Алан Уотс родился в Англии. В США он переехал в 1938 г. Он прошел путь редактора, священника и профессора колледжа. Занимался исследовательской и лекторской работой в университетах Кембриджа, Корнелла и Гавайев, а некоторое время был советником по вопросам религии при Северо-Западном университете. Он выступал с лекциями в Американском Психиатрическом Обществе и институте К.Г.Юнга в Цюрихе, на медицинских курсах в американских госпиталях. Затем он становится деканом Американской Академии Азиатских Исследований в Сан-Франциско. Алан Уотс ушел из жизни в 1973 г.
За последние сорок лет Алан Уотс стал известен как один из самых поразительных и необычных философов нашего времени. Он опубликовал более двенадцати книг по вопросам сравнительной философии и религии и стал знаменитейшим в США лектором и учителем. Сфера его интересов касалась интерпретации восточной мысли для Запада, и, в частности, такой разновидности буддизма как Дзэн . Его самая первая книга, «Дух Дзэн», была написана еще в двадцатые годы.
«... Я пытался заниматься тем, что буддисты называют сосредоточением (смрити), то есть постоянным сознанием непосредственного настоящего, отличающимся от обычных, рассеянных и хаотичных воспоминаний и предчувствий. Однажды вечером, когда мы беседовали об этом, кто-то сказал мне: «Но зачем пытаться жить в настоящем? Ведь мы всегда и всецело пребываем в настоящем, даже когда думаем о прошлом или о будущем». Это вполне самоочевидное замечание вдруг вызвало во мне внезапное ощущение невесомости. В то же время настоящее как бы сделалось своего рода движущимся покоем, вечным потоком, из которого не мог ускользнуть ни я, ни что-либо другое. Я понял, что любая вещь, причем именно в своем сиюминутном виде, есть ЭТО – то есть полное выражение жизни и Вселенной. Я понял, что когда «Упанишады» говорят: «Это ты!» или «Весь этот мир есть Брахман», они имеют в виду буквально то, что говорят.
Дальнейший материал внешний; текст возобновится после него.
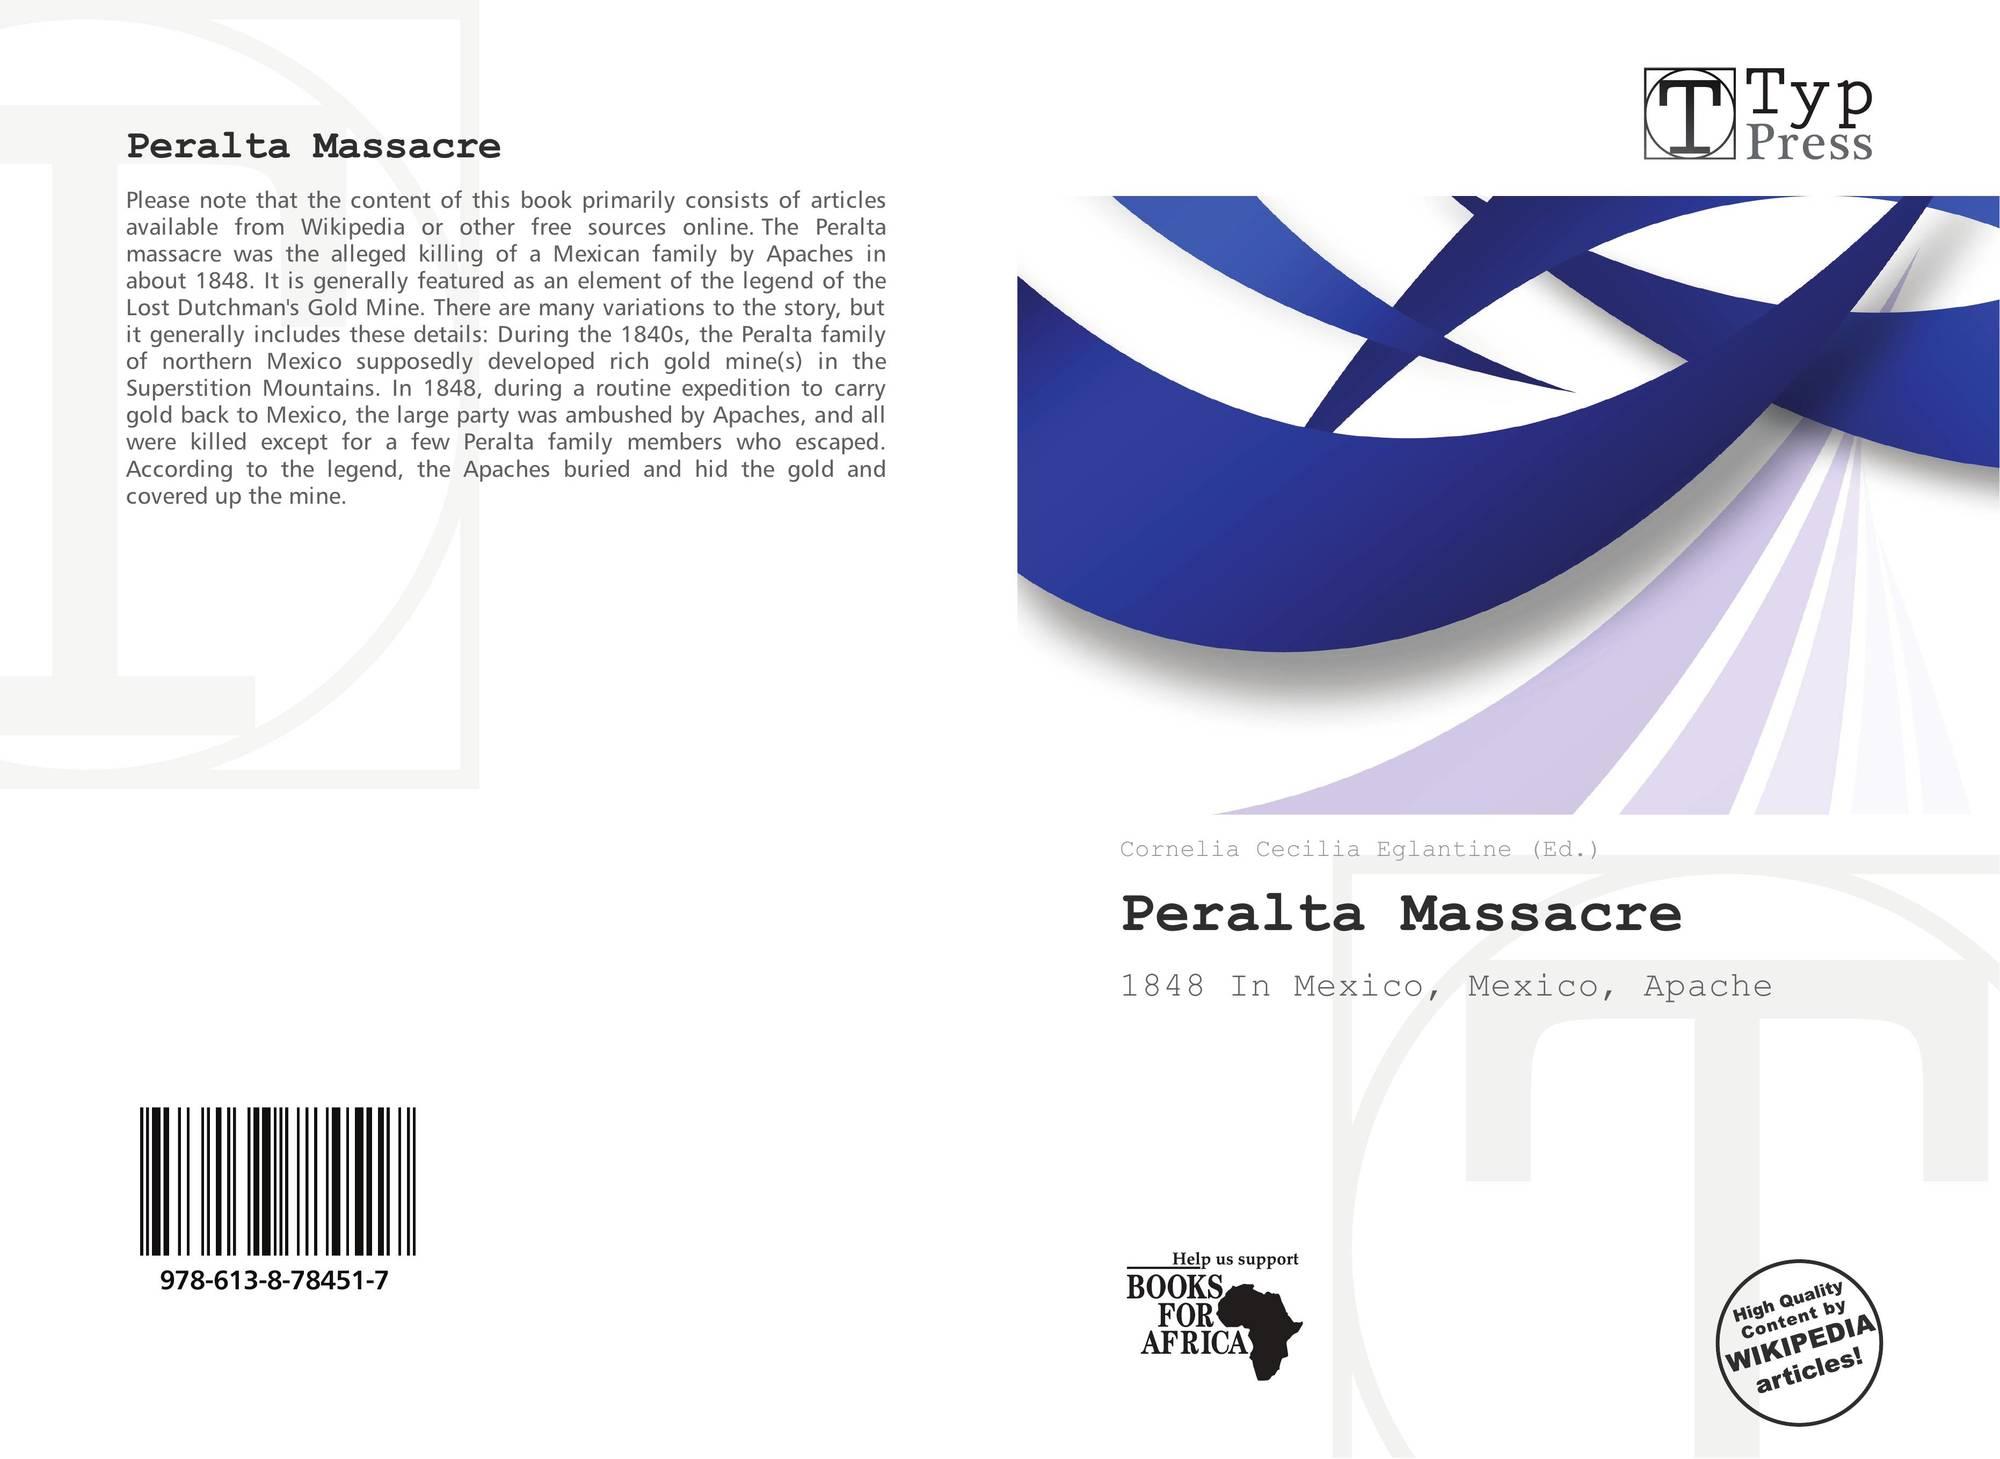 Peralta Massacre 978 613 8 78451 7 6138784510 9786138784517
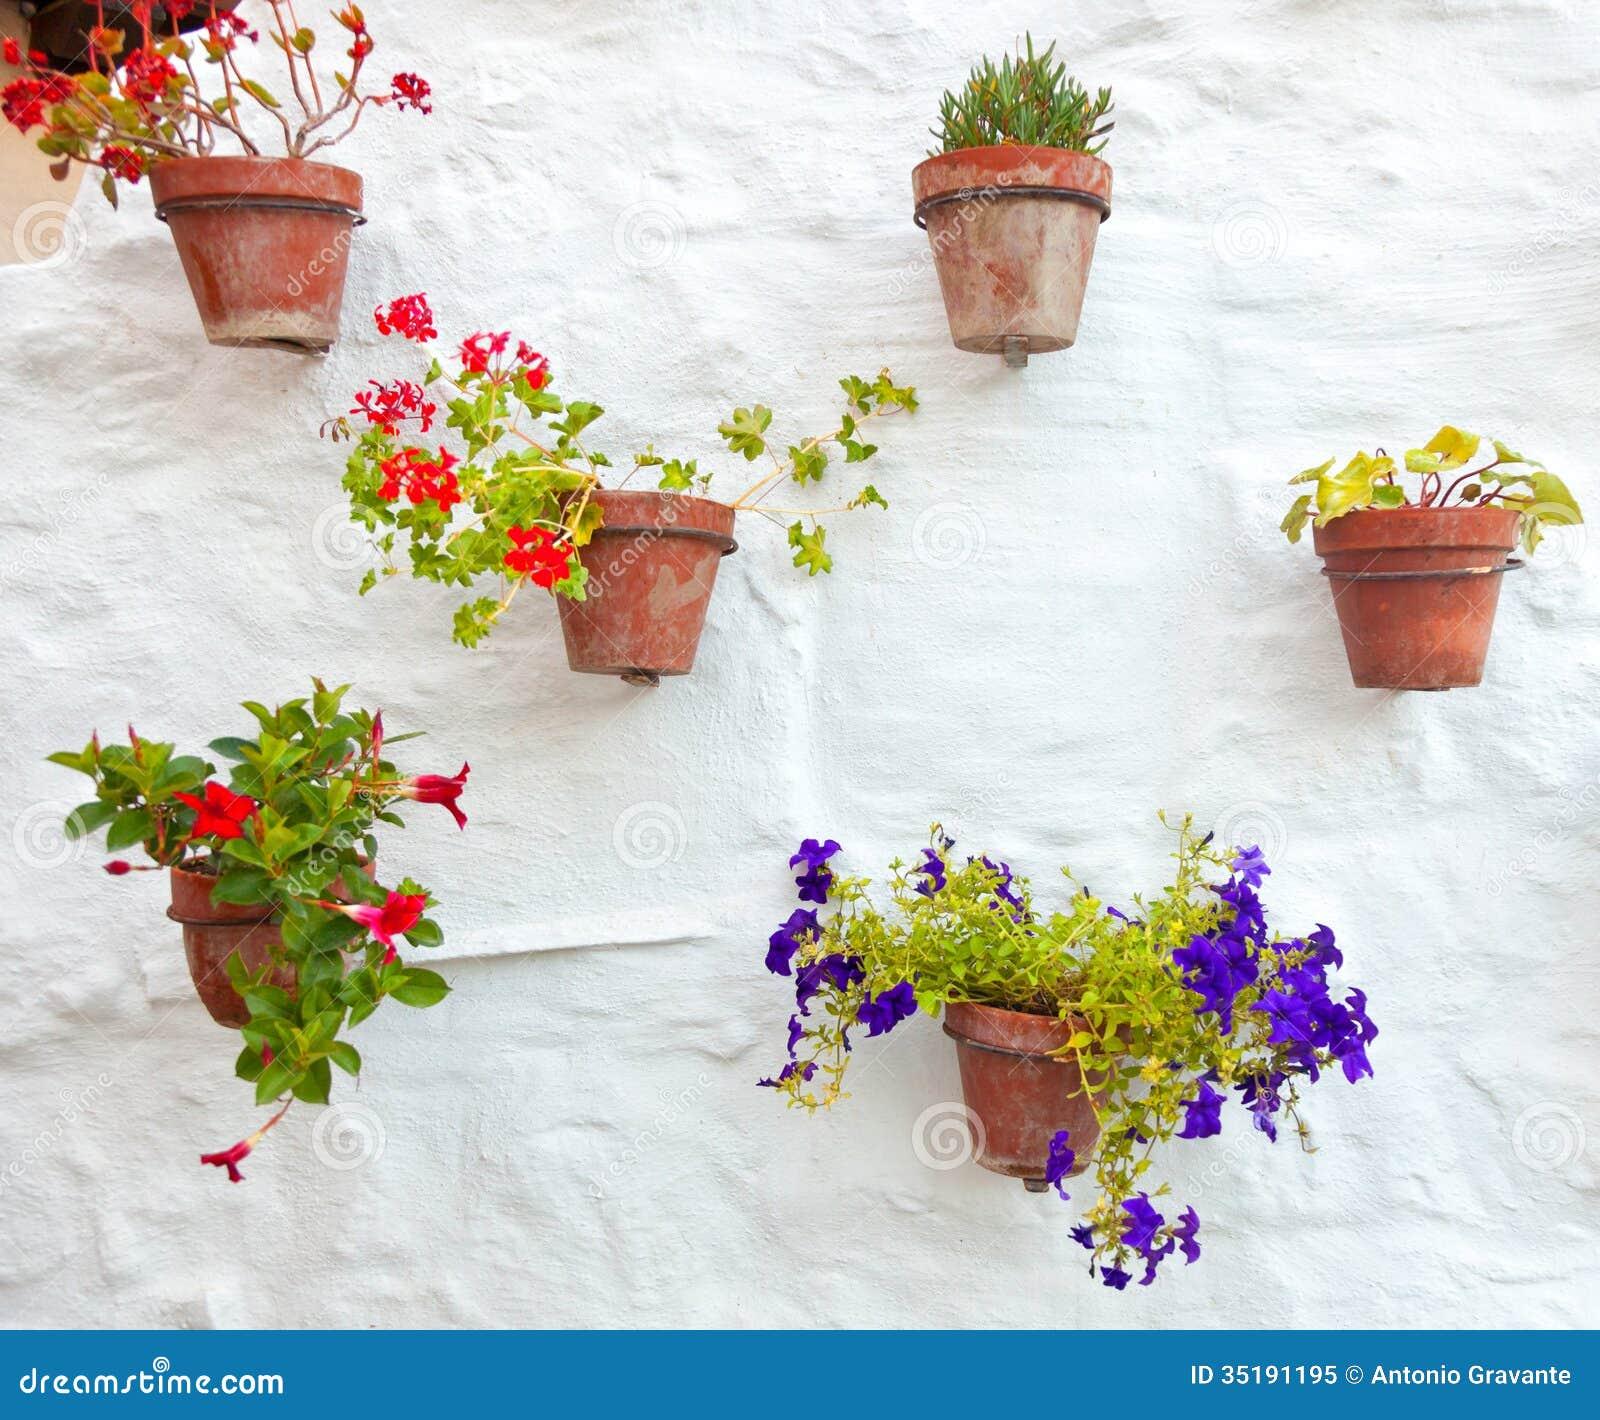 Terrakottavasen Mit Den Bunten Blumen Die An Der Weißen

Всякая вещь, всякое событие, всякое переживание в их неизбежной сиюминутности и во всей своей неповторимой индивидуальности были в точности тем, чем они должны быть, и были настолько, что достигали божественной власти и оригинальности. Я осознал с полной ясностью, что от моей точки зрения здесь ничего не зависит: вещи существовали таким образом независимо от того, понимал я это или нет, и даже если я не понимал, ЭТО все равно существовало. Впоследствии я ощутил понимание того, что христиане называют «любовью Божией», то есть: что, несмотря на несовершенство вещей, очевидное с точки зрения здравого смысла. Бог, тем не менее, любит их такими, какими они есть и что Его любовь к ним в то же время есть их обожествление...».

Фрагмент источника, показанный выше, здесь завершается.